> Task description: Shown below are entries with pictures; the line with "Kellie Maloney tells" through the line with "The ART DECO" is the span to retype exactly, and the pictures stay out.

Data entries
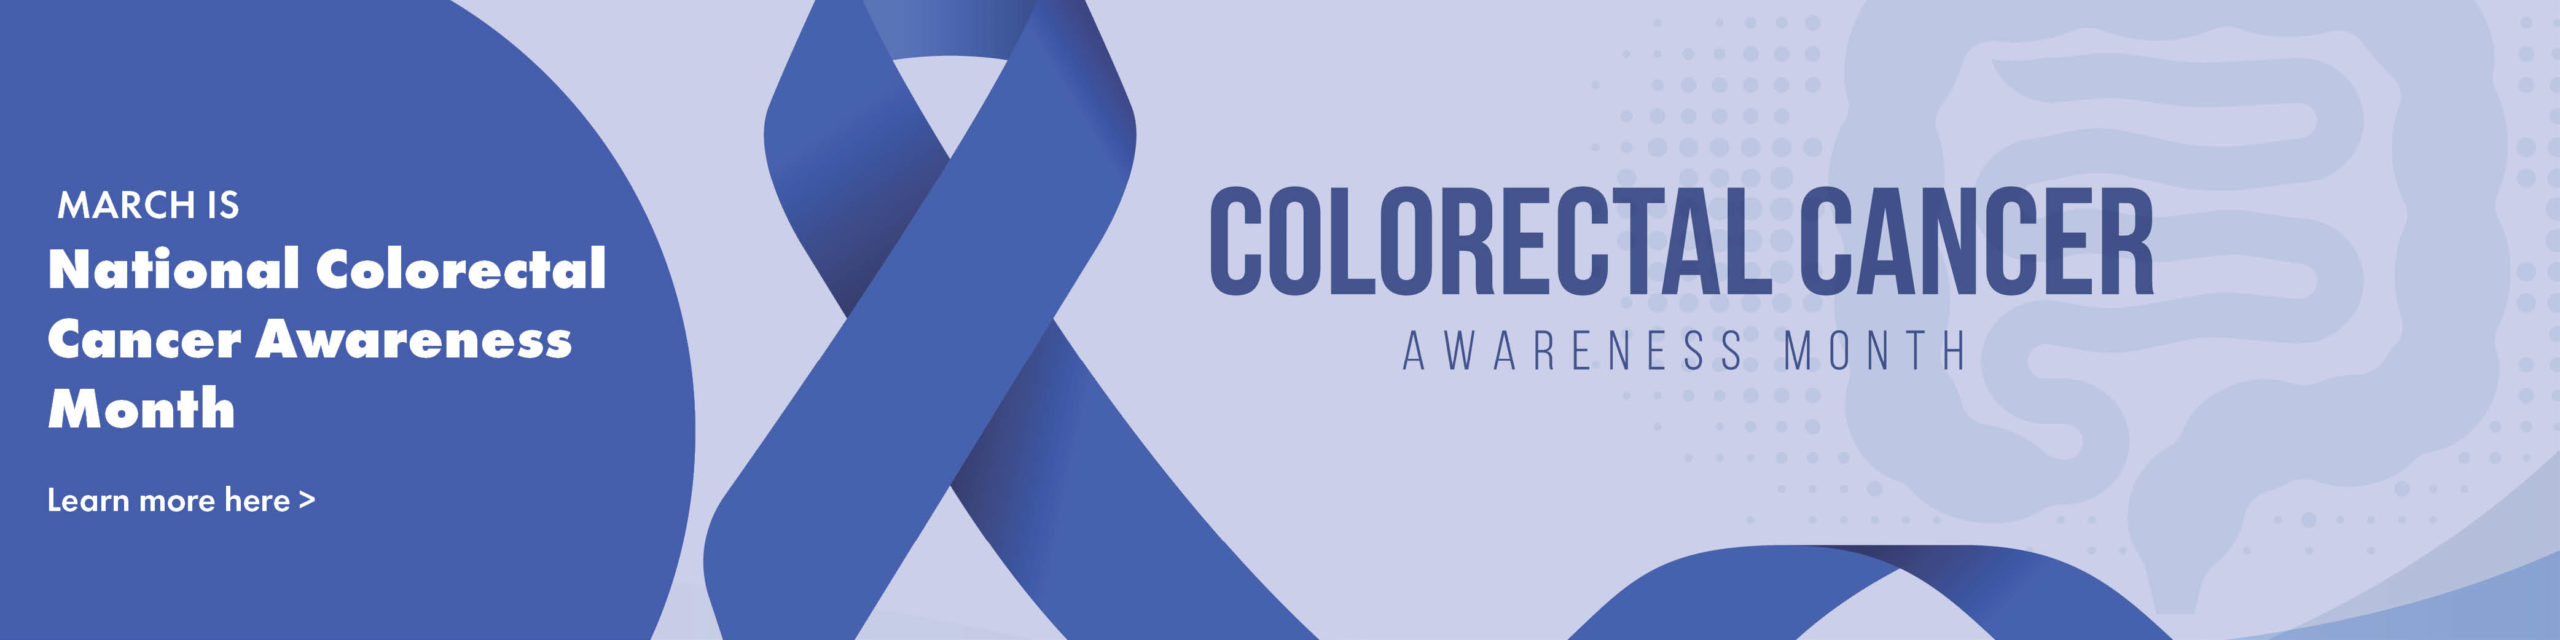 march is nch colorectal month
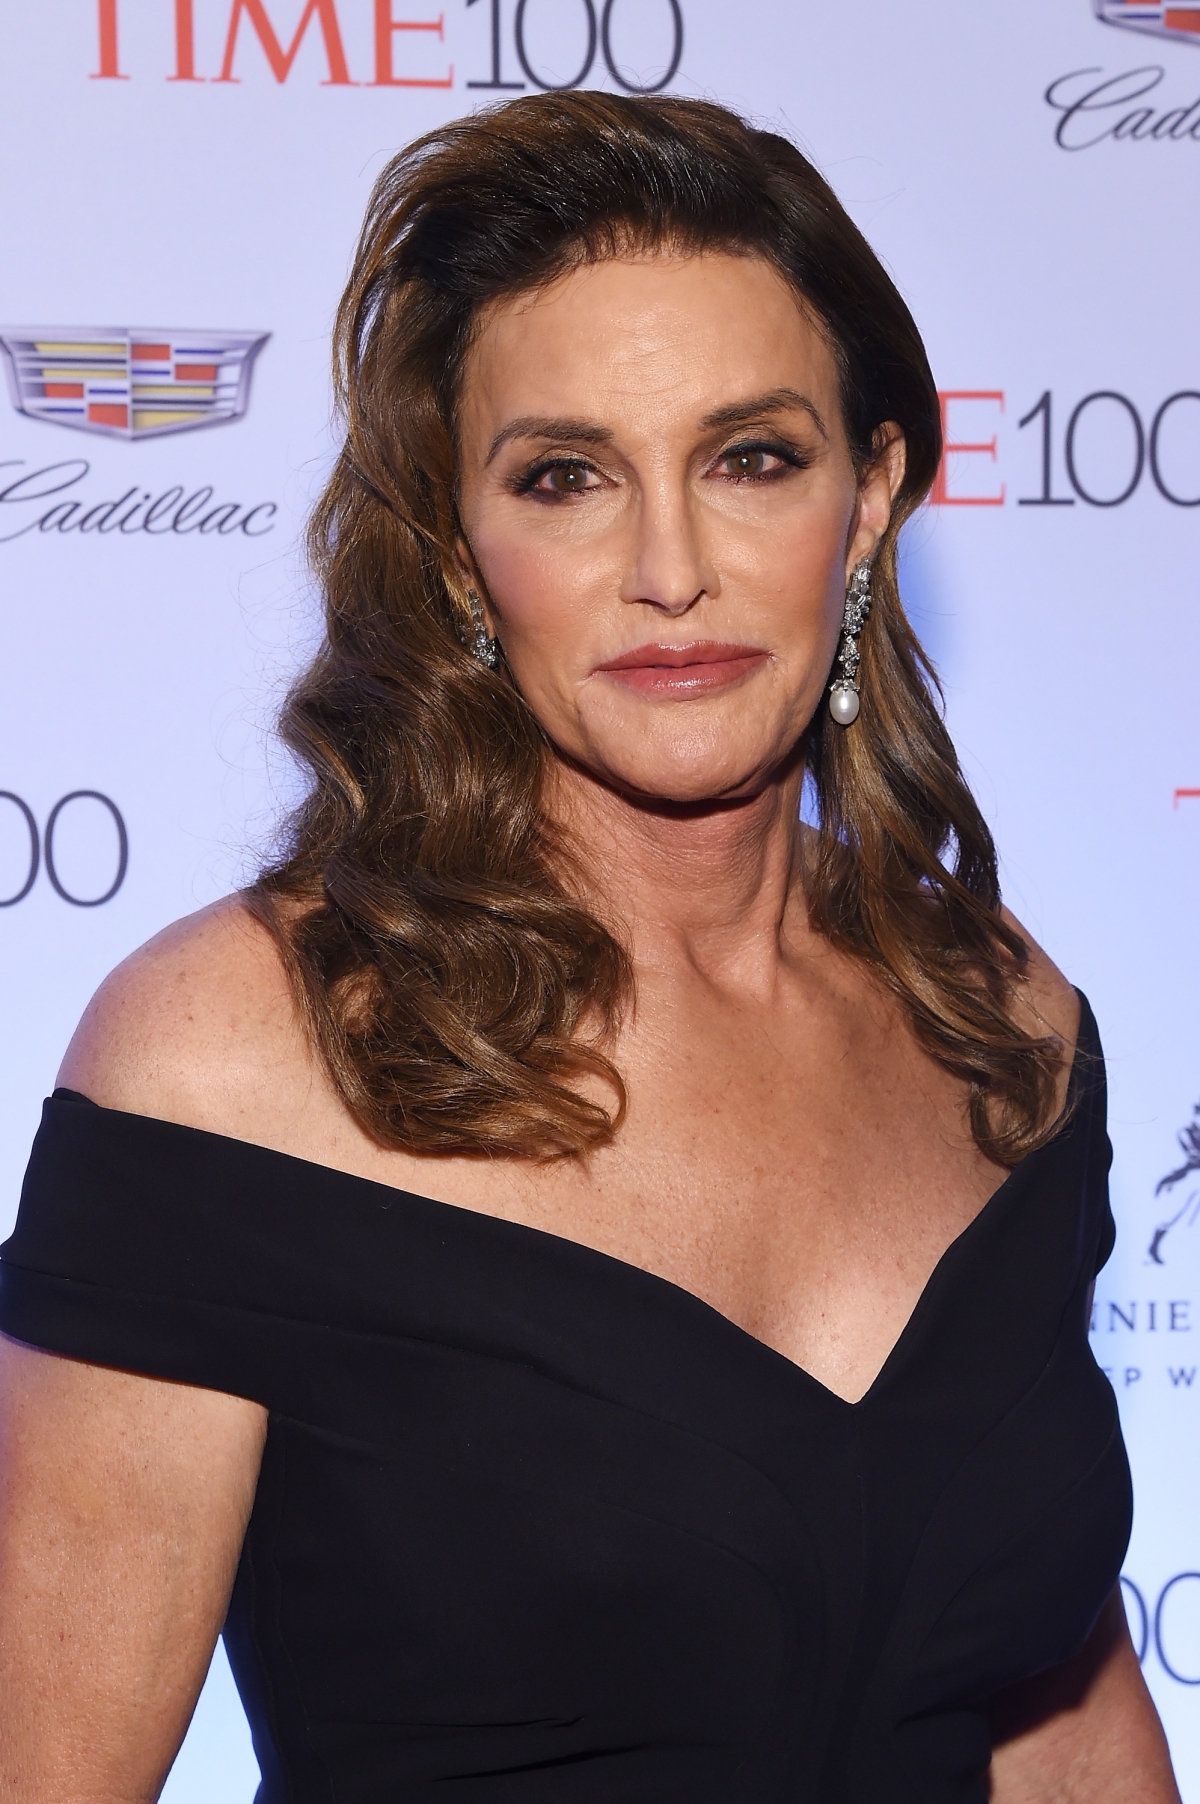 Kellie Maloney tells Caitlyn Jenner to stop competing with Kardashian
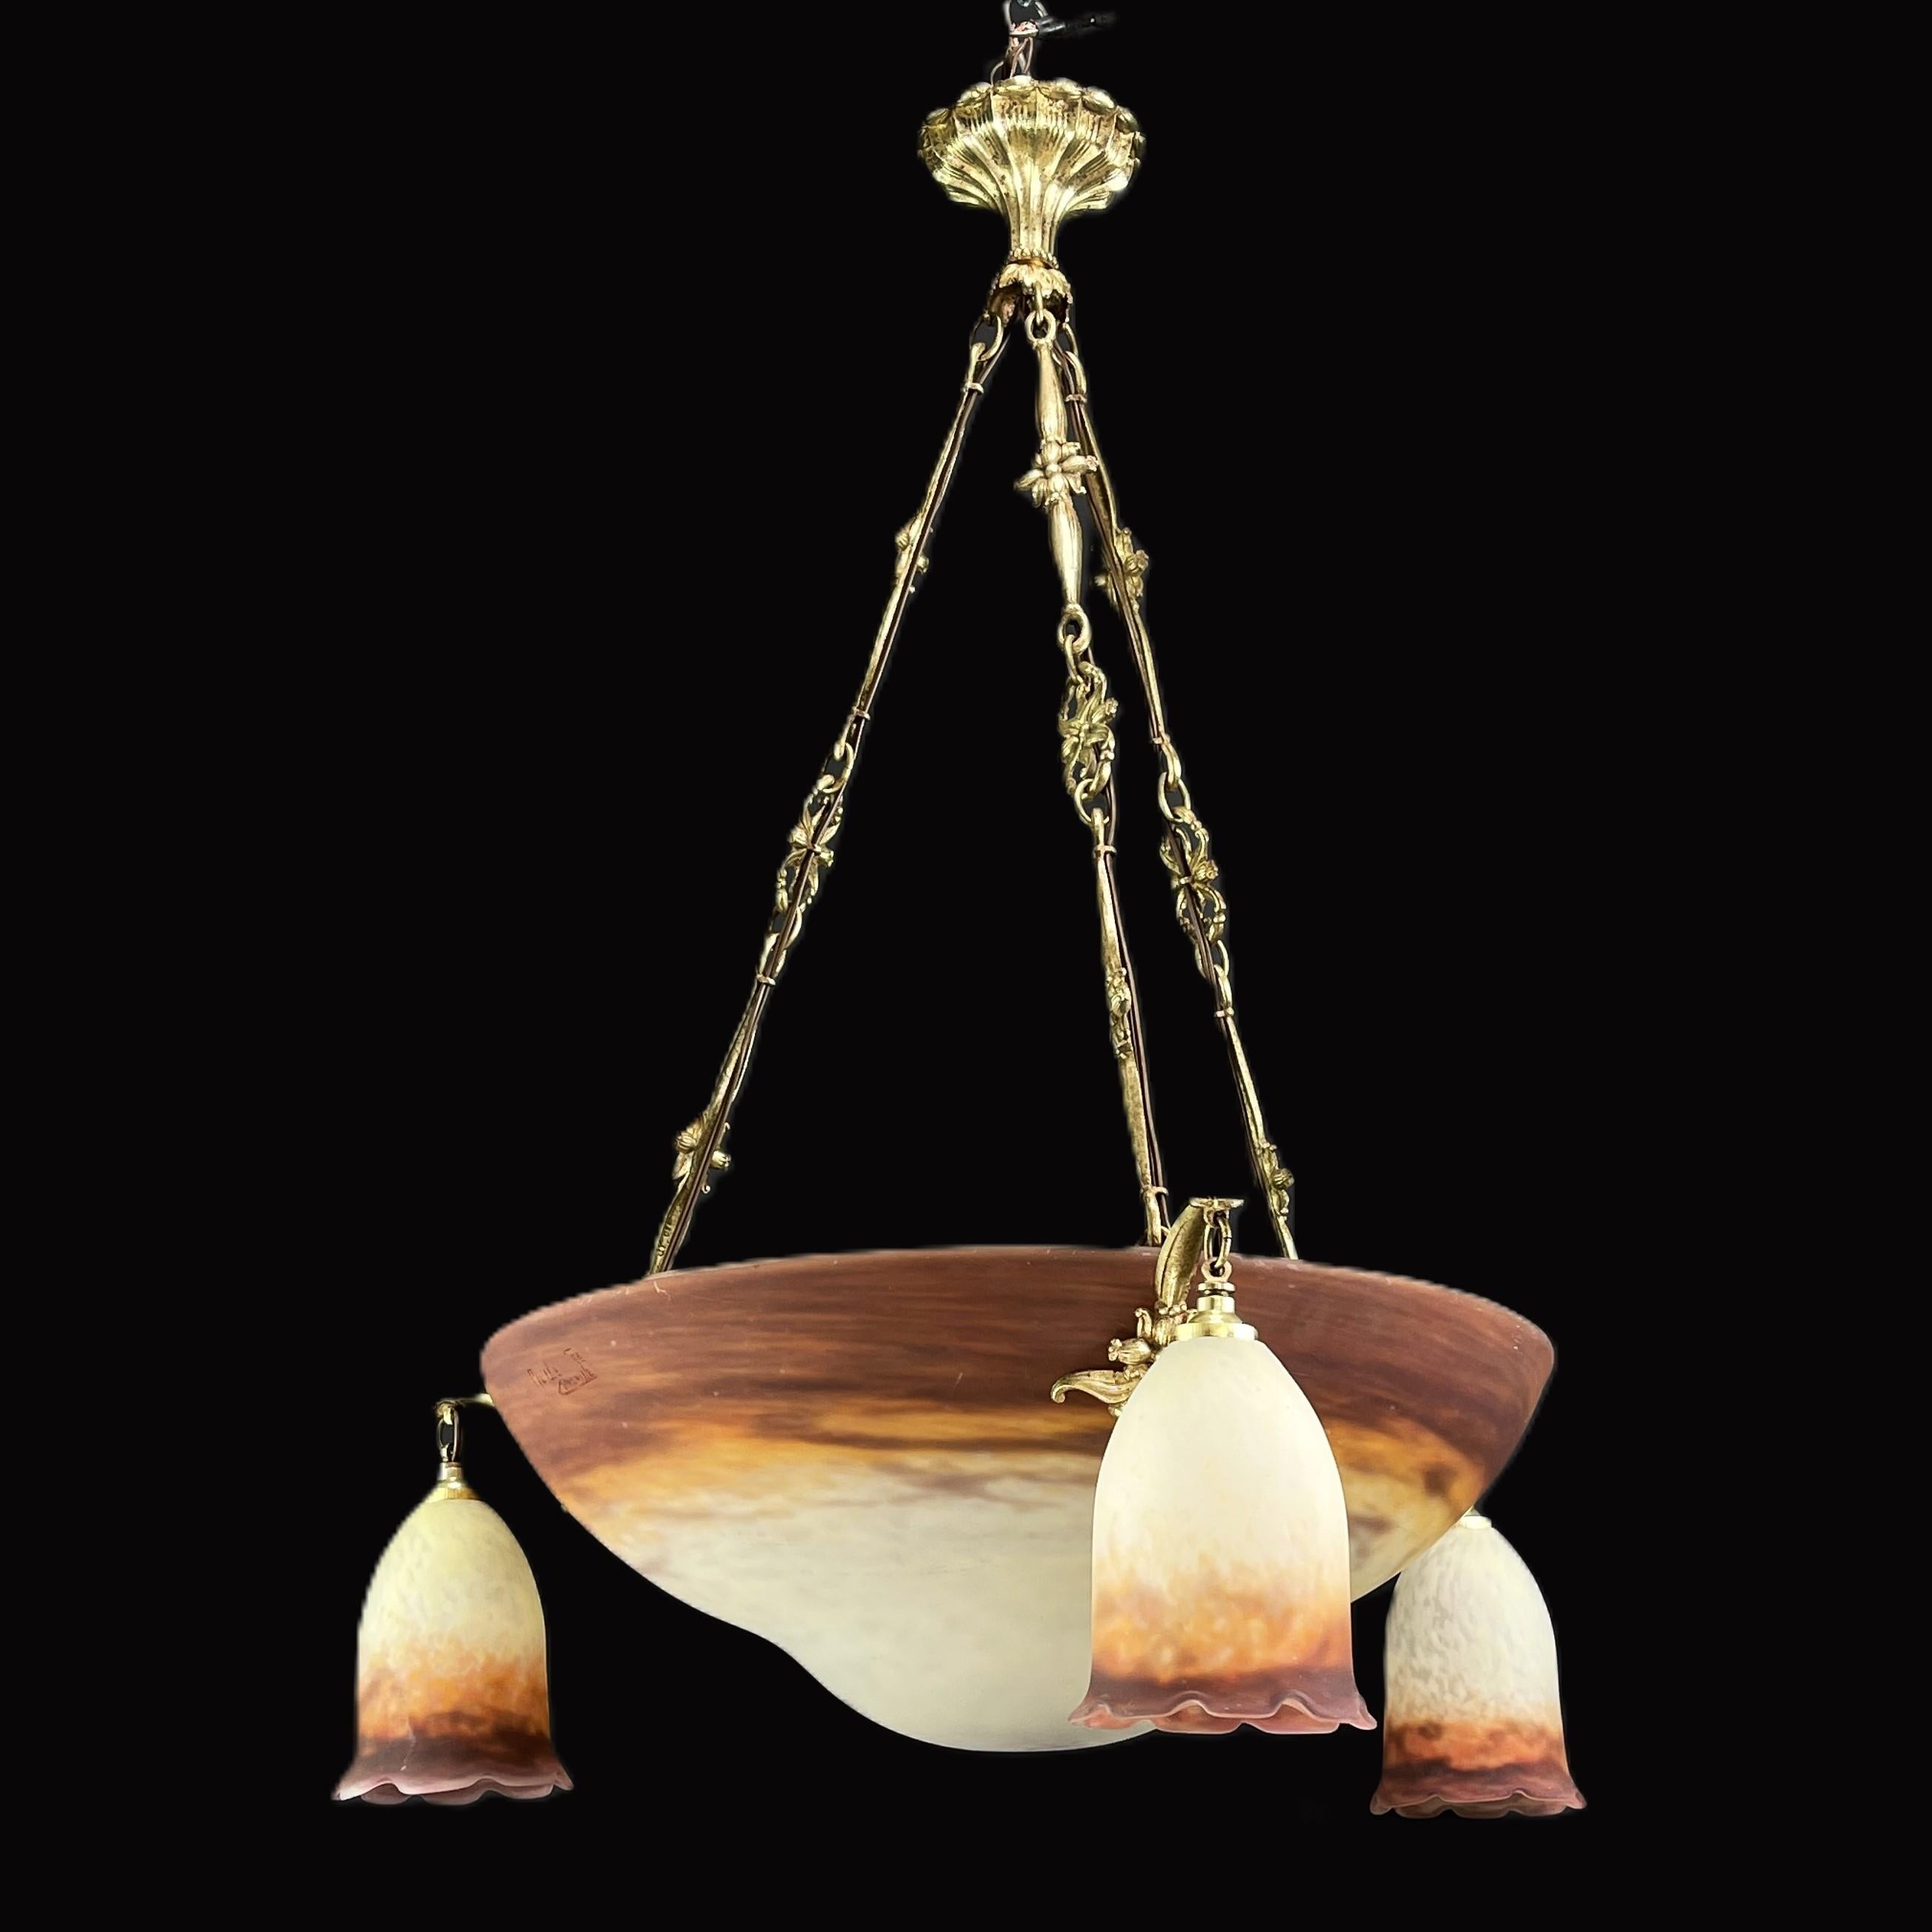 Art-Déco-Kronleuchter by Muller Freres Luneville

The ART DECO ceiling lamp is a remarkable example of the craftsmanship and style of the early 20th century. 

The signature ‘Muller Frerés’ on this ceiling lamp is a sign of the outstanding

> Response:
 Kellie Maloney tells Caitlyn Jenner to stop competing with Kardashian
 Art-Déco-Kronleuchter by Muller Freres Luneville

The ART DECO ceiling lamp is a remarkable example of the craftsmanship and style of the early 20th century. 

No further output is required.